Penélope apenas probó las galletas de canela que hacían las monjas, bebió menos de media taza de café y salió hacia su cuarto con tanta prisa que a Natalia le costó seguirle el paso. Sentada a los pies de la cama, con las manos apoyadas sobre las rodillas, Penélope comenzó a hablar despacio y extrayendo, casi con dolor, una a una las sílabas de su boca. Natalia le acariciaba el pelo y le secaba las lágrimas que dejaban, poco a poco, paso a palabras cortas y mal enlazadas, a ideas desbordantes que se solapaban y atropellaban sin orden aparente.


—Alberto… para mí… esperar… esperar… volveré… te quiero… Alberto.


—No tengas prisa, cariño —ahora sentada también en la cama, Natalia le cepillaba el cabello—, tómate todo el tiempo que quieras, y sigue llorando si eso te ayuda. Yo no pienso moverme de tu lado.


Contó y lloró, contestó a cuanto le fue preguntado y siguió llorando, contagió su llanto y ambas hablaron, ya con más naturalidad y fluidez, de aquel amor perdido hacía casi medio siglo. Un viajante joven y atractivo, un amor furtivo y apasionado, una despedida corta y la promesa de un reencuentro a la que vive aferrada.


Casi una hora y cinco pruebas de vestidos y zapatos más tarde, entre carcajadas de alegría, las dos salieron hacia el salón de las visitas. El reloj del pasillo marcaba las diez menos cuarto.


—Si no dejas de reírte de esa manera, Alberto va a pensar que estás como un cencerro.


—Esto es un manicomio, tú lo sabes, sí que estoy loca, o estaba loca, pero ahora todo va a cambiar, te lo prometo.


Un minuto antes de las diez, las puertas del salón se abrieron casi tanto como los ojos de Penélope. Después de discutir un buen rato, habían decidido que se colocara de espaldas a la entrada, sentada frente a la enfermera, para que ésta le contase con detalle todo lo que fuera ocurriendo.
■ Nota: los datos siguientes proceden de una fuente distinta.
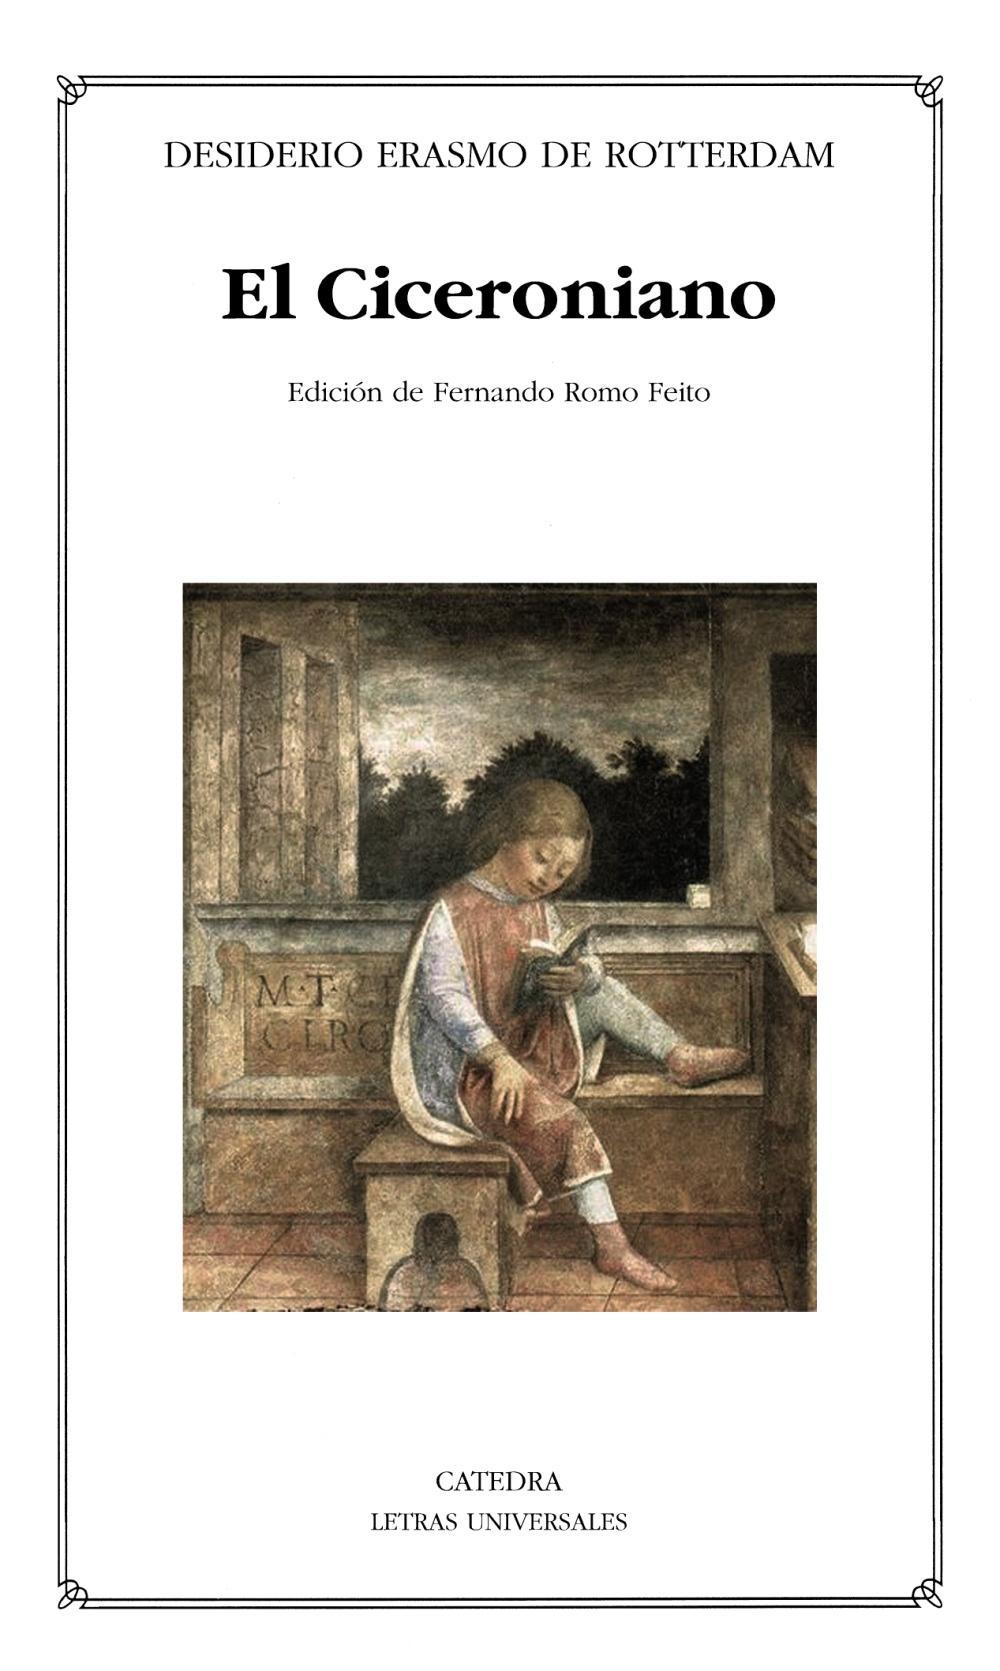 El Ciceroniano o Del mejor estilo de oratoria

—No te pongas nerviosa, cariño, pero acaba de entrar en este momento —Natalia sujetó con fuerza las manos de Penélope. Lleva un abrigo negro muy elegante. Se lo está quitando. Traje azul marino y camisa a rayas blancas y naranjas.


—Es él, seguro. Siempre fue tan elegante —dijo con la sonrisa a punto de salirse de su cara.


—Se ha sentado en uno de los sillones de orejas y está mirando hacia aquí ¿Quieres que le invite a acercarse o necesitas más tiempo para prepararte?


Penélope no contestó. Decidió no esperar más y se levantó despacio, segura de sí misma y convencida de lograr recuperar con su amante el tiempo perdido durante su ausencia; pero no tenía ni idea de cuánto había durado esa espera. Se acercó hacia la entrada con aire juvenil y un movimiento alegre de caderas, escudriñando a cada paso los rostros de quienes, a esa hora, empezaban a abarrotar la sala de visitas. Se detuvo, uno por uno, en los que ocupaban los cinco sillones de cuero, pero ninguno se parecía al joven que ella recordaba.


—Vámonos —le dijo a Natalia mientras trataba de arrastrarla por el brazo—. Aquí sólo hay viejos. Alberto es joven y guapo. No ha venido.


Fueron sus últimas palabras. Antes de llegar a su cuarto, la coraza ya había envuelto a Penélope, su boca estaba seca y sus ojos perdidos para siempre en el pozo del recuerdo.